**Work item**
When you copy the material below, keep every line exact and omit the pictures.

**Dataset content**
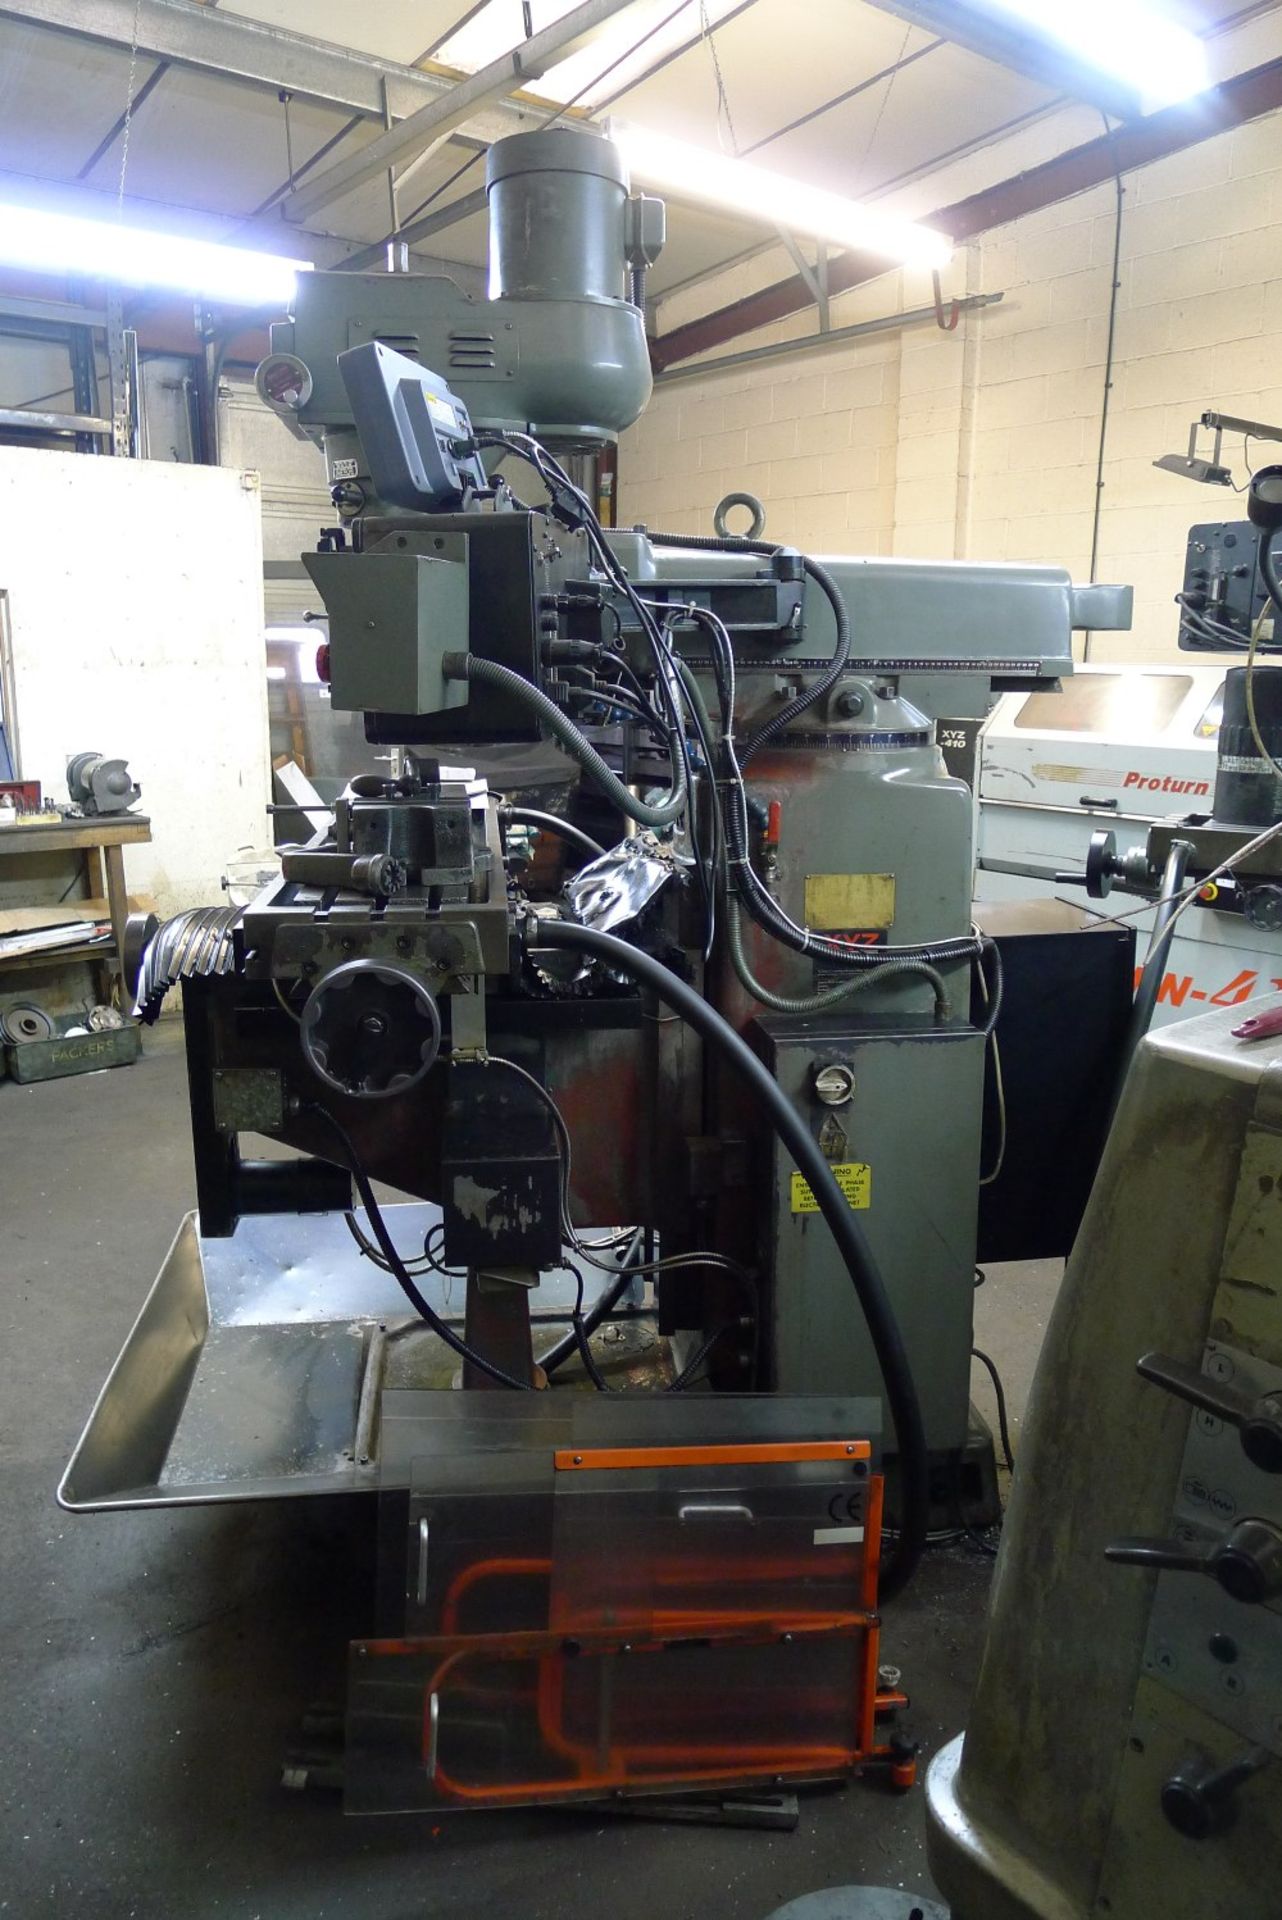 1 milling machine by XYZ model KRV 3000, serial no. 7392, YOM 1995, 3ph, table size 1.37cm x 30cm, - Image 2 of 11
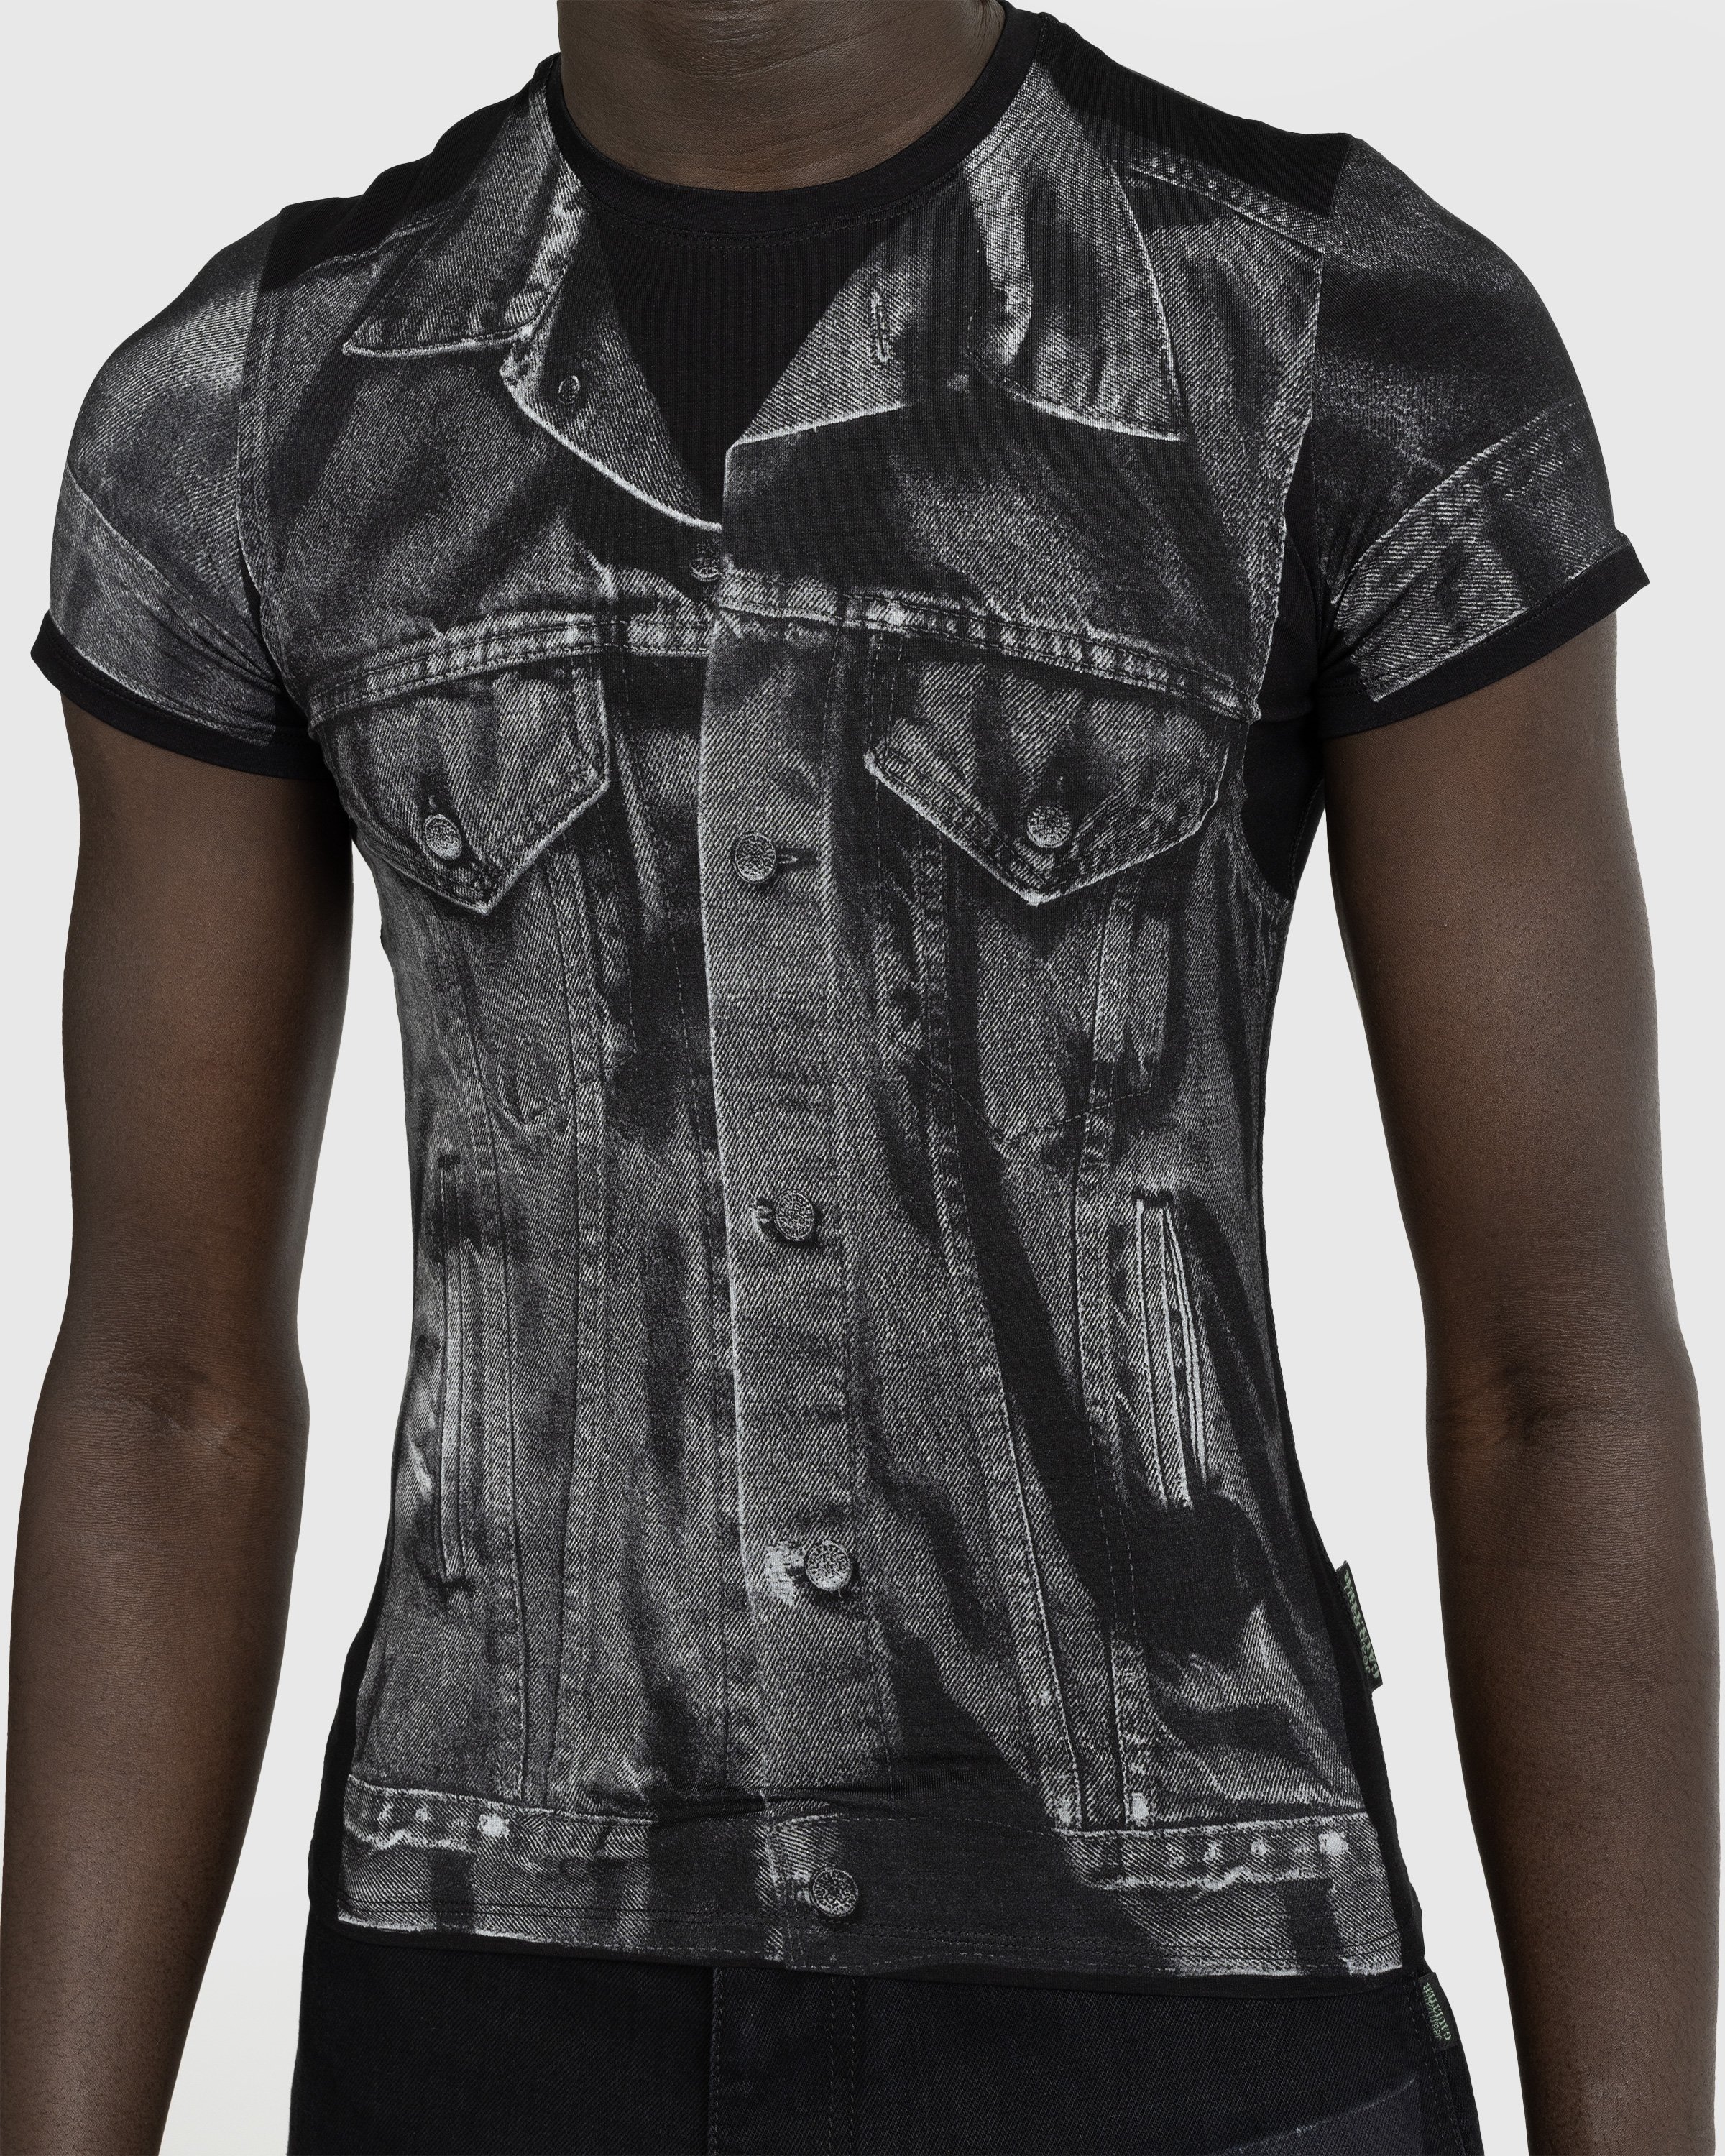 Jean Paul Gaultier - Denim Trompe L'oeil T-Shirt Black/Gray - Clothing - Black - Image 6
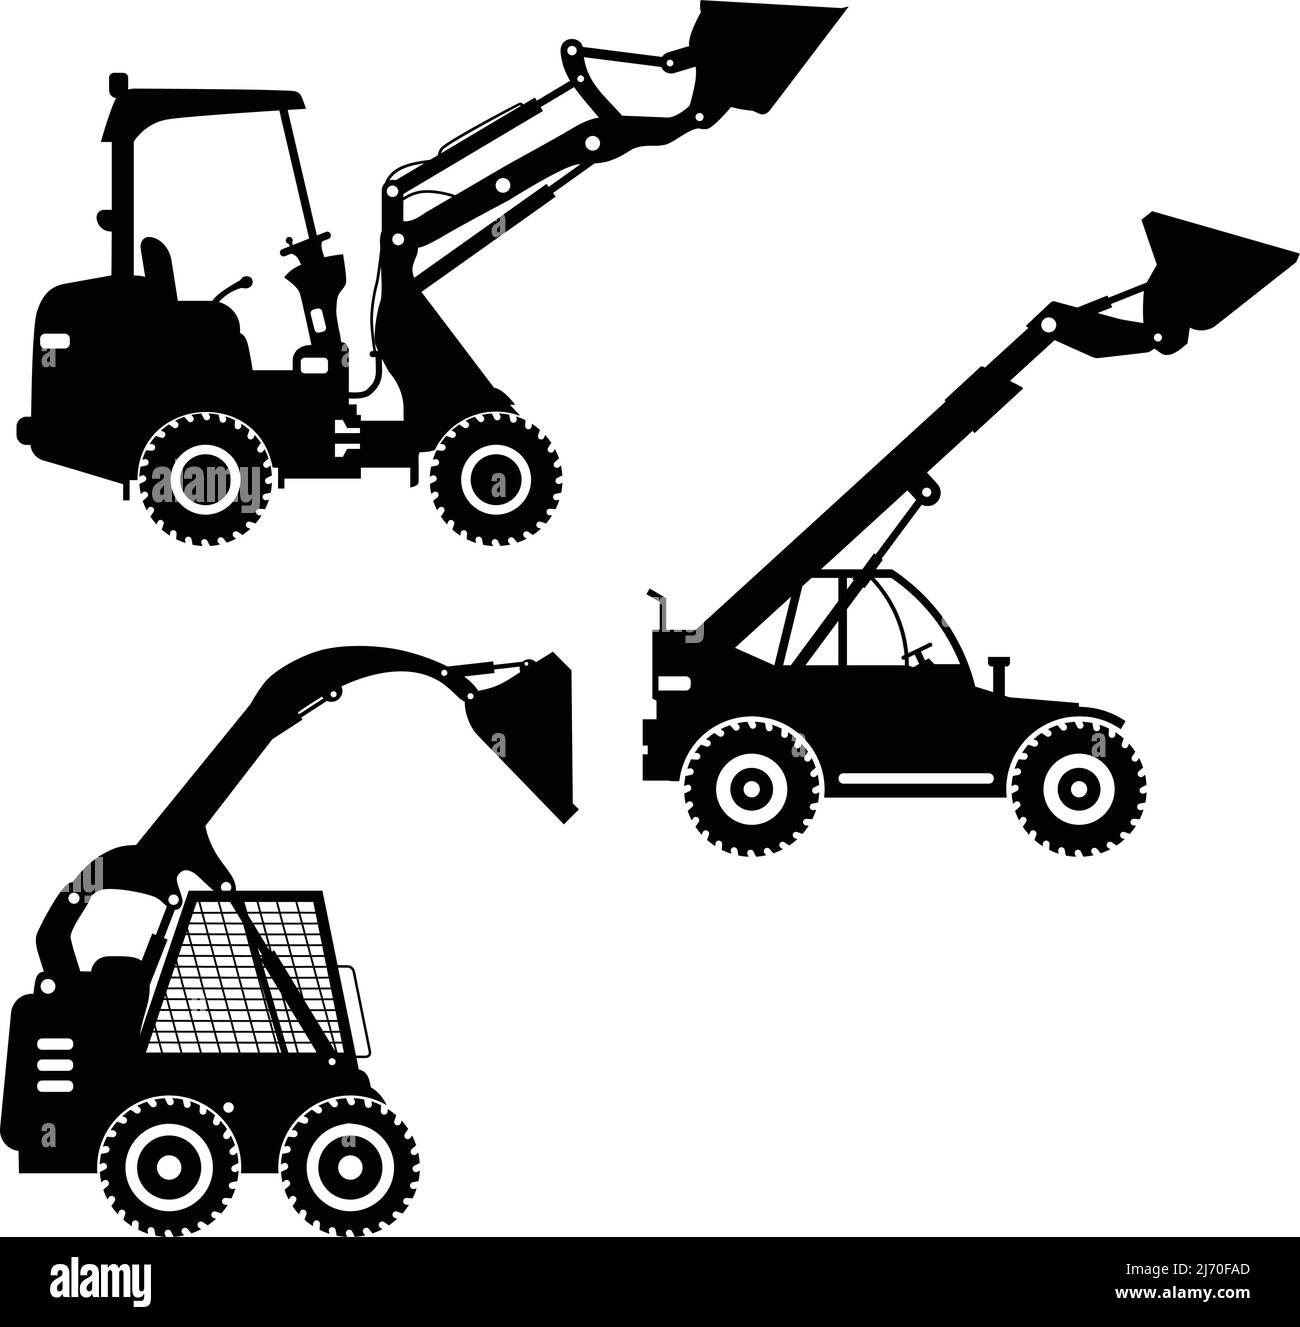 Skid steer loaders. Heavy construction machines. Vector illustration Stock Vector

**Answer to the exercise**
 1 milling machine by XYZ model KRV 3000, serial no. 7392, YOM 1995, 3ph, table size 1.37cm x 30cm, - Image 2 of 11
 Jean Paul Gaultier - Denim Trompe L'oeil T-Shirt Black/Gray - Clothing - Black - Image 6
 Skid steer loaders. Heavy construction machines. Vector illustration Stock Vector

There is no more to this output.